# Kindly interpret the status of my application online for me



## jiteng02 (Sep 8, 2010)

Dear All,

In response to my PR application under Skilled Category (there were objections earlier), when I recently checked my status online there was following thing written:

Permanent Residence
We received your application for permanent residence on December 6, 2010.

We reviewed your application and sent you a letter on March 2, 2011. Please consider delays in mail delivery before contacting us.

Your application was reviewed and we started processing on September 29, 2011.
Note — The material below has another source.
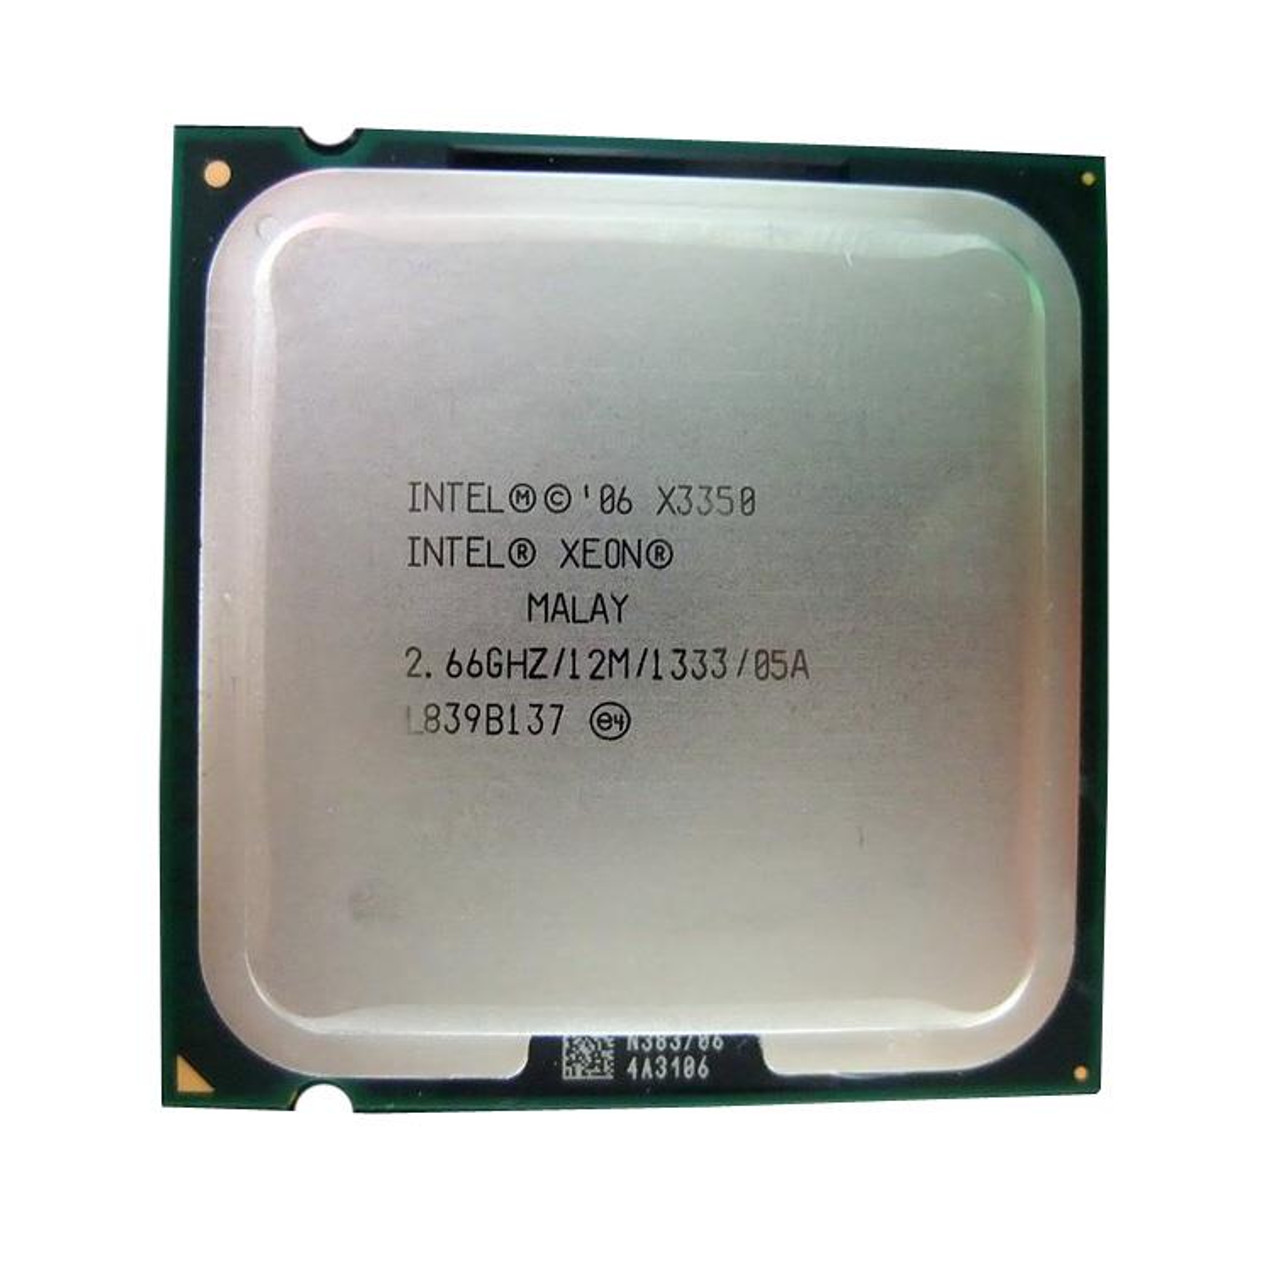 IBM 2.66GHz 1333MHz FSB 12MB L2 Cache Socket LGA775 Intel Xeon X3350 Quad-Core Processor Upgrade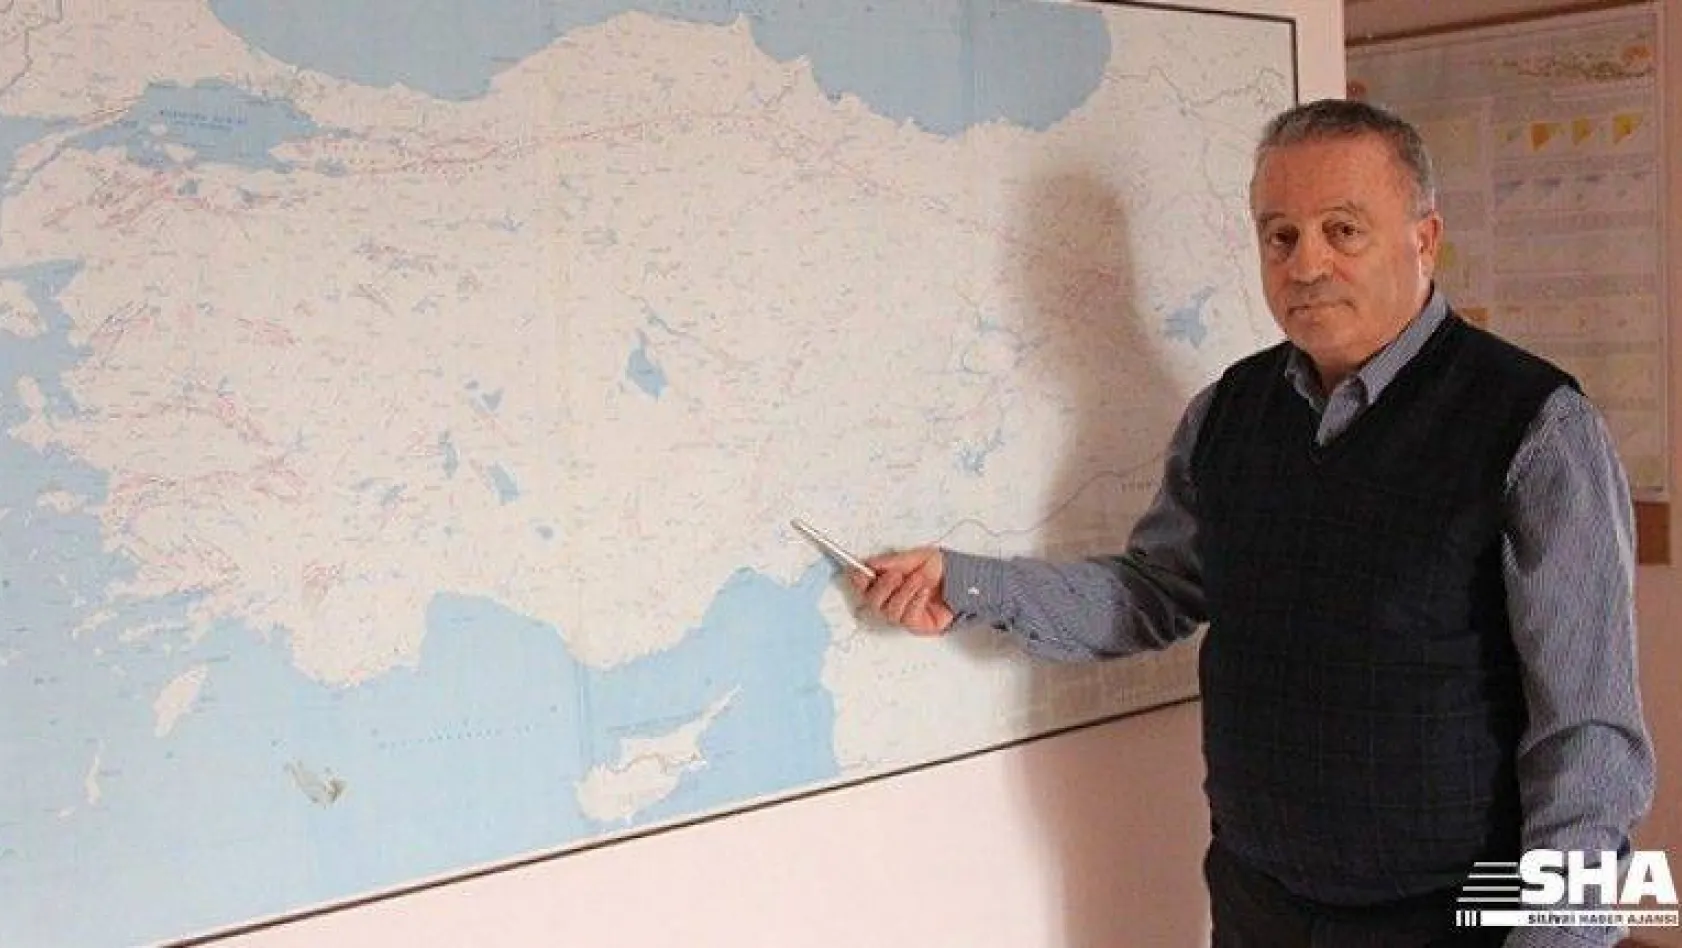 İnan: 'Marmara'da 7'den büyük bir depremin olma olasılığı güçlü'

The last line being latest addition.

I am unable to interpret the meaning of the same, positive or negative, coz i have been waiting their reply for last 2 and half months after replying to their one of objections. Please interpret the status for me, I shall be highky grateful.

Thanks in advance.

Jitender Verma


----------



## jiteng02 (Sep 8, 2010)

*The status was IN PROCESS , please reply*

The status was IN PROCESS , please reply



jiteng02 said:


> Dear All,
> 
> In response to my PR application under Skilled Category (there were objections earlier), when I recently checked my status online there was following thing written:
> 
> ...


----------



## G-Mo (Aug 17, 2011)

It means it's left a pile of other applications where it was sitting, has been looked over to make sure there are no glaring omissions and is in the hands of someone to begin the detailed reviewing process...


----------



## Expatinca (Oct 6, 2011)

G-Mo said:


> It means it's left a pile of other applications where it was sitting, has been looked over to make sure there are no glaring omissions and is in the hands of someone to begin the detailed reviewing process...


Precisely. Welcome to bureaucracy. It's left one pile and "graduated" to the next.

You can interpret that positively, in that the corrections you sent in have passed preliminary review and you're on to the next stage. If you've made it this far, I wouldn't worry too much about being rejected. It could still happen, but it's not as likely.

Good luck!


----------



## jiteng02 (Sep 8, 2010)

Thanks @G-Mo and @Explatinca


----------